I discussed this with @nbhuiyan on Slack. AbstractMemorySegmentImpl.reinterpret
(compiled method) invokes JVM_GetCallerClass_Impl
, which ultimately calls walkStackFrames
. Although there is an optimization for GetCallerClass
to avoid the stack walk, it doesn't activate in this case.
Java -version output
openjdk 22.0.2 2024-07-16 IBM Semeru Runtime Open Edition 22.0.2.1 (build 22.0.2+9) Eclipse OpenJ9 VM 22.0.2.1 (build openj9-0.46.1, JRE 22 Linux amd64-64-Bit Compressed References 20240716_33 (JIT enabled, AOT enabled) OpenJ9 - 4760d5d320 OMR - 840a9adba JCL - b77827589c5 based on jdk-22.0.2+9)
Summary of problem
OpenJdk MemorySegmentGetUnsafe benchmark indicates major regression.
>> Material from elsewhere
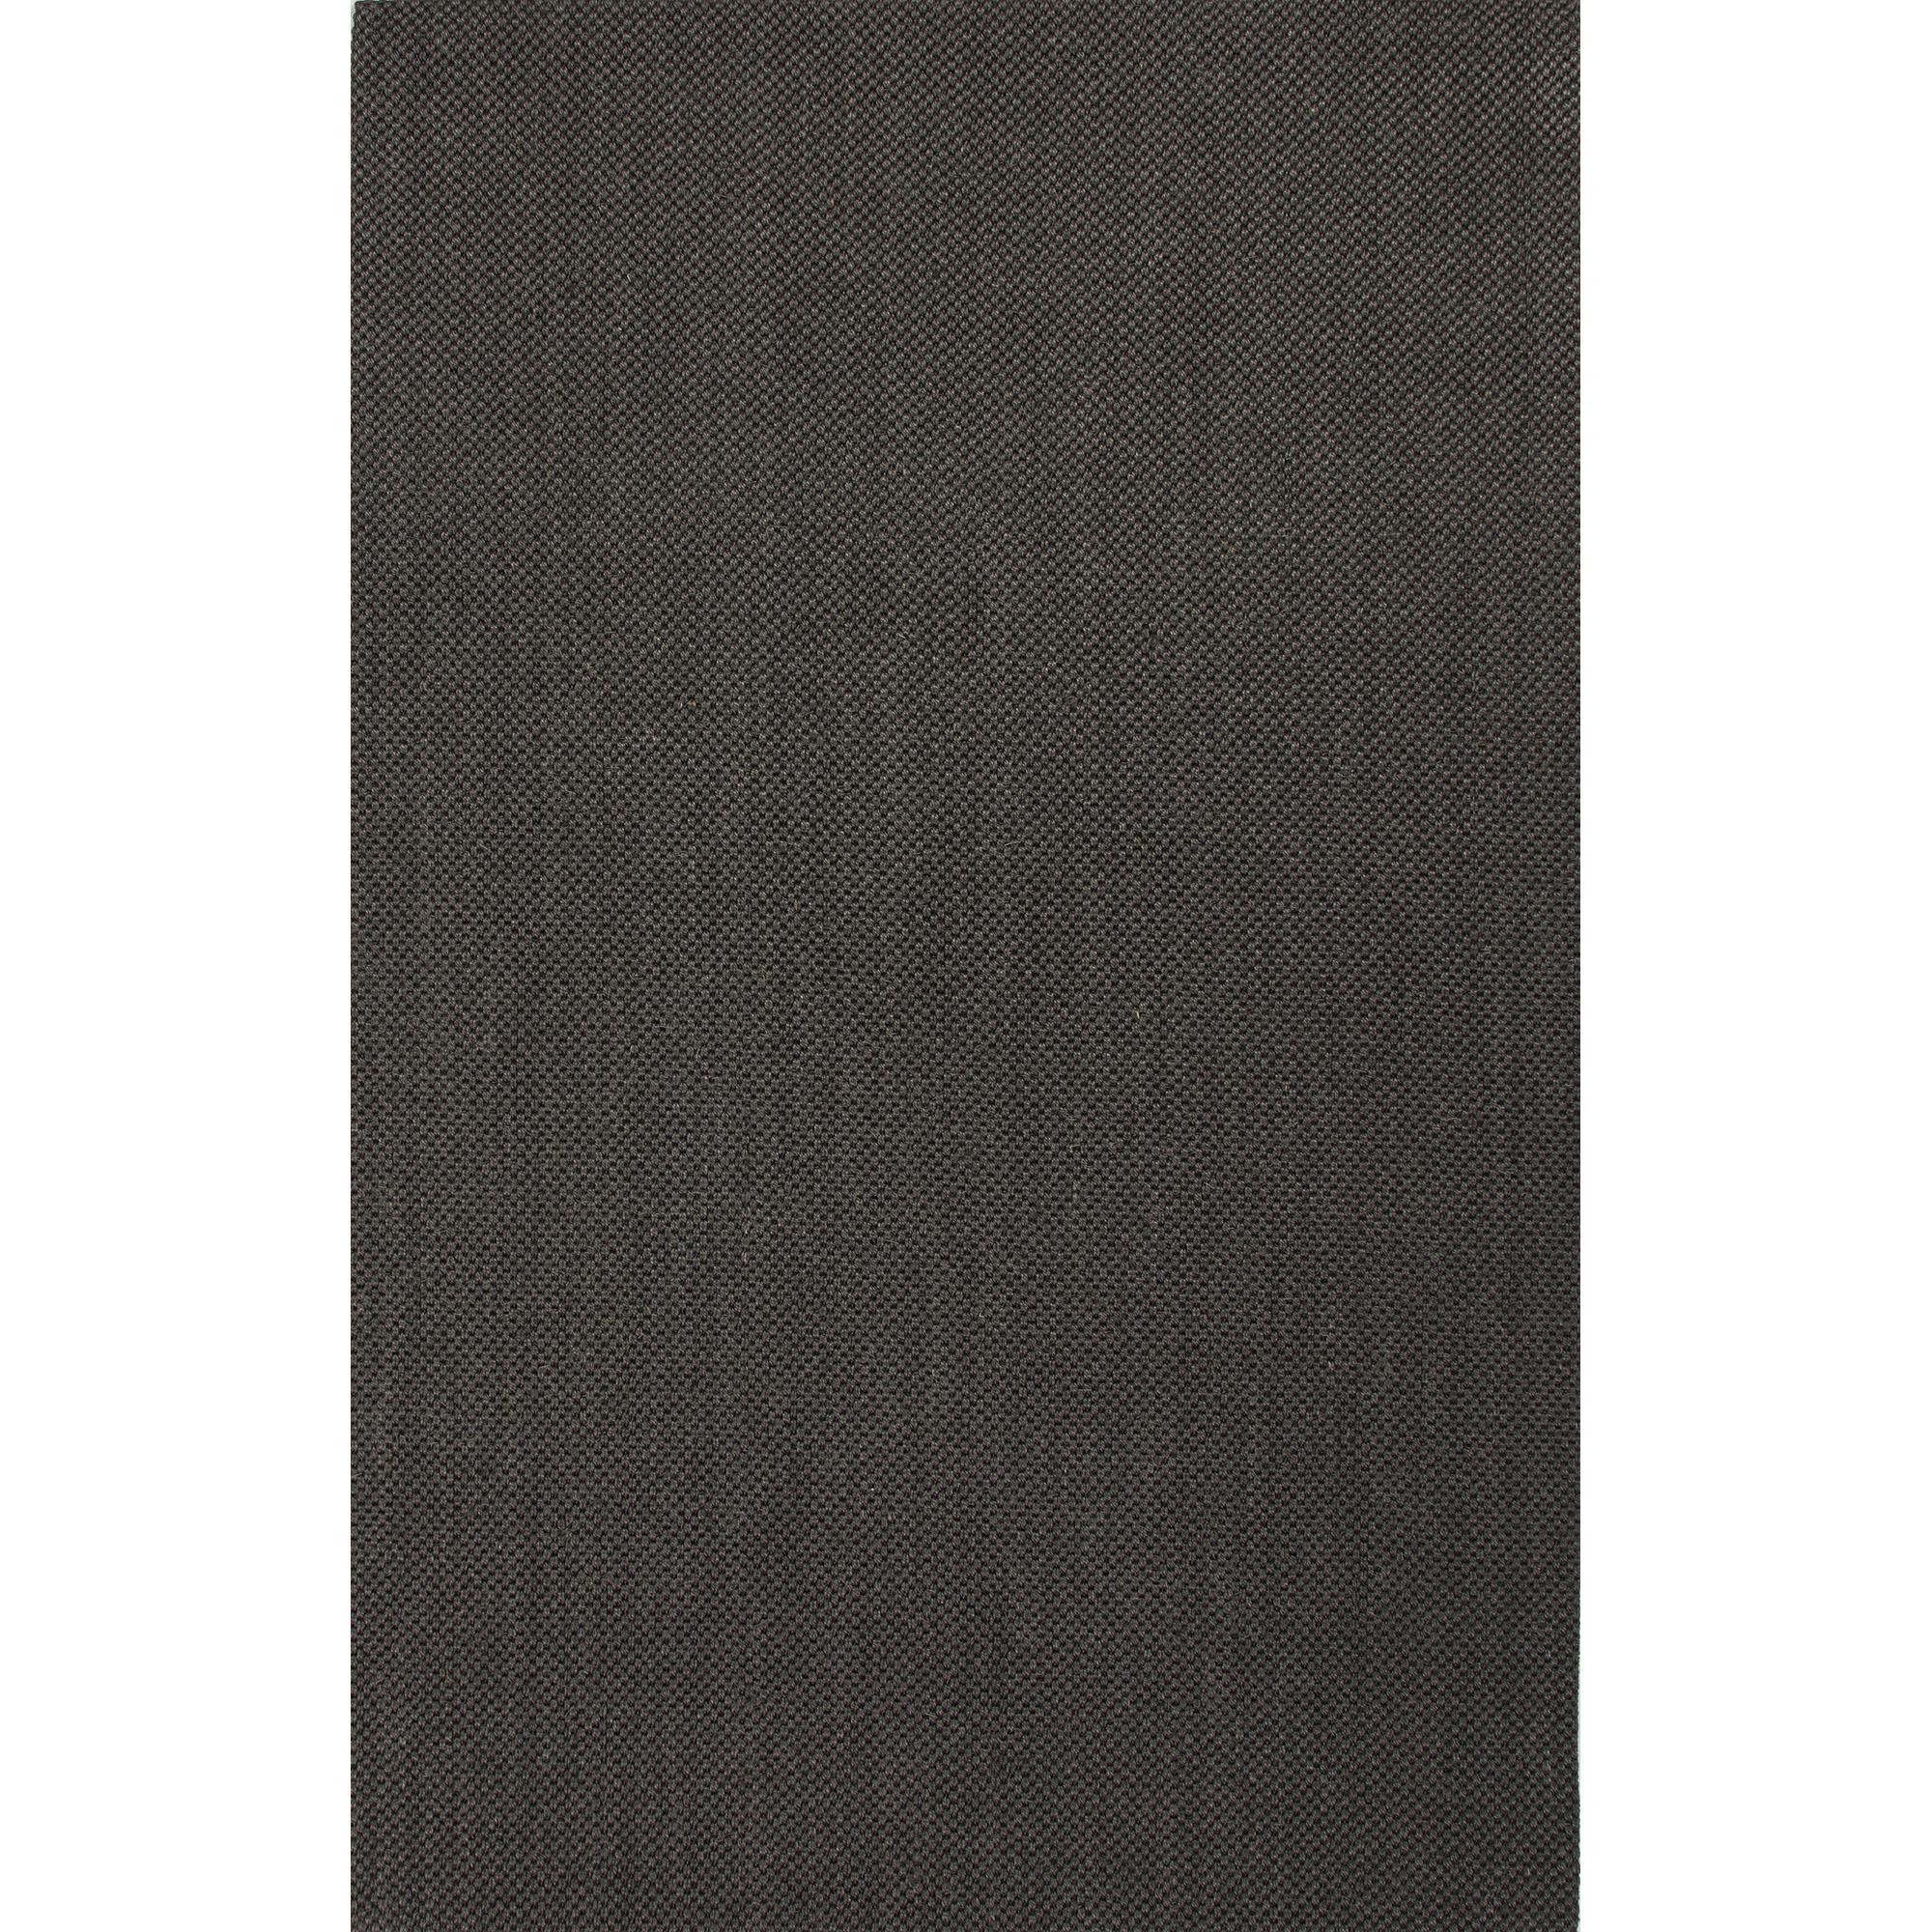 JAIPUR Rugs Naturals Sanibel 3 x 5 Rug - Item Number: RUG119168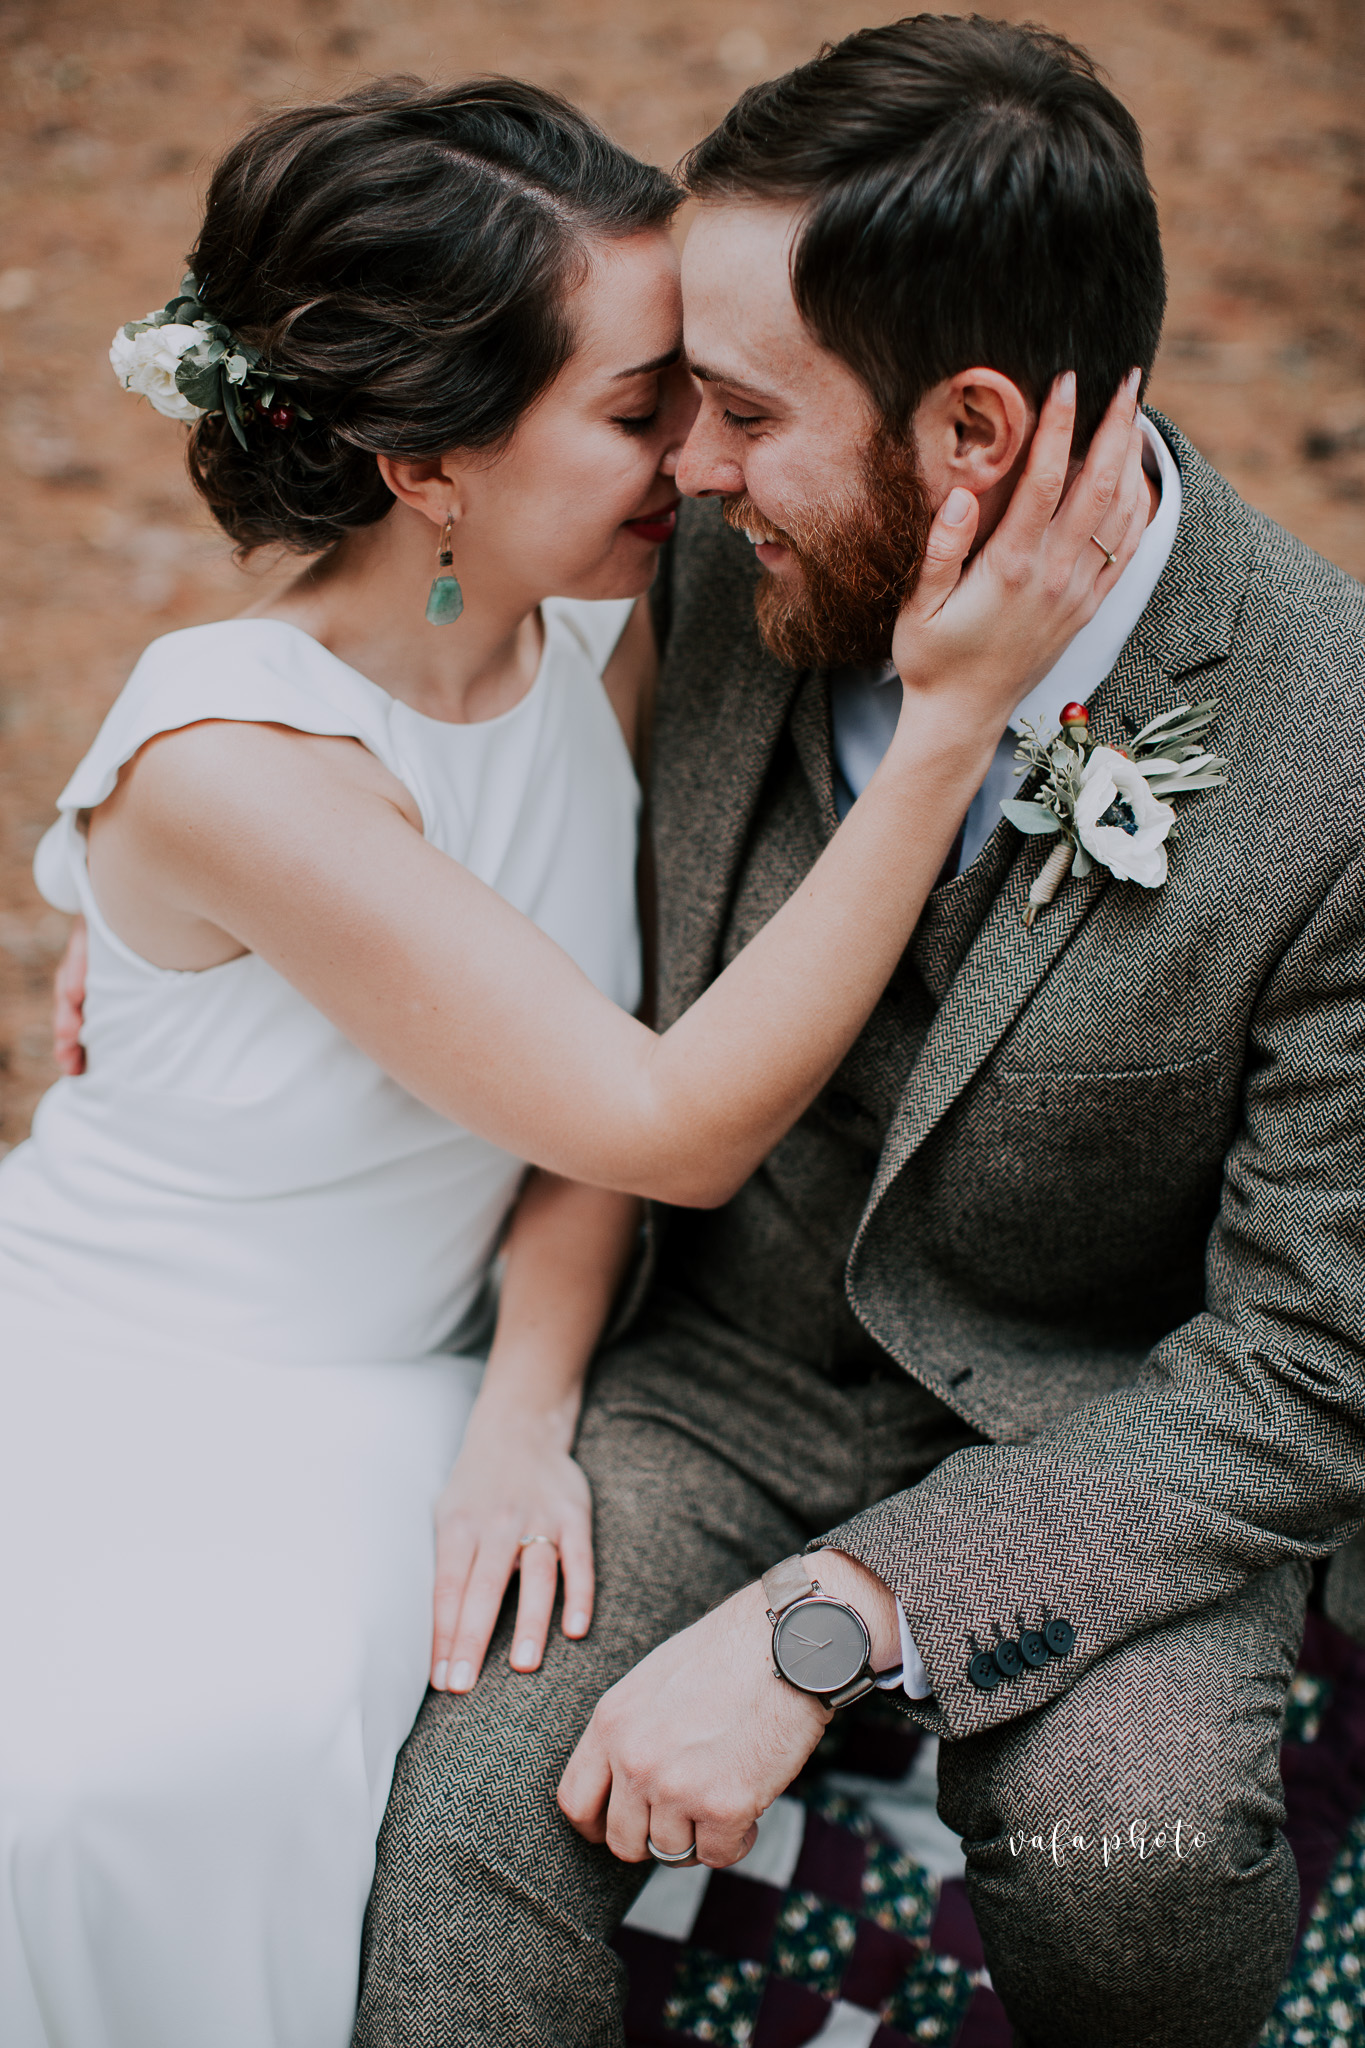 Little-Presque-Isle-Michigan-Wedding-Kim-Kyle-Vafa-Photo-415.jpg

The following jmh result shows that "panama" is approximately 30 times slower than Unsafe.
Benchmark Mode Cnt Score Error Units MemorySegmentGetUnsafe.panama avgt 30 39.954 ± 5.622 ns/op MemorySegmentGetUnsafe.unsafe avgt 30 1.253 ± 0.033 ns/op
For hotspot the difference is approximately 25%.
To run the benchmark the files MemorySegmentGetUnsafe.java and Utils.java were copied from the openjdk repository.
I could not find any related open/closed issue or pull-request. Are there any plans to improve OpenJ9 MemorySegment.get()/-set() performance?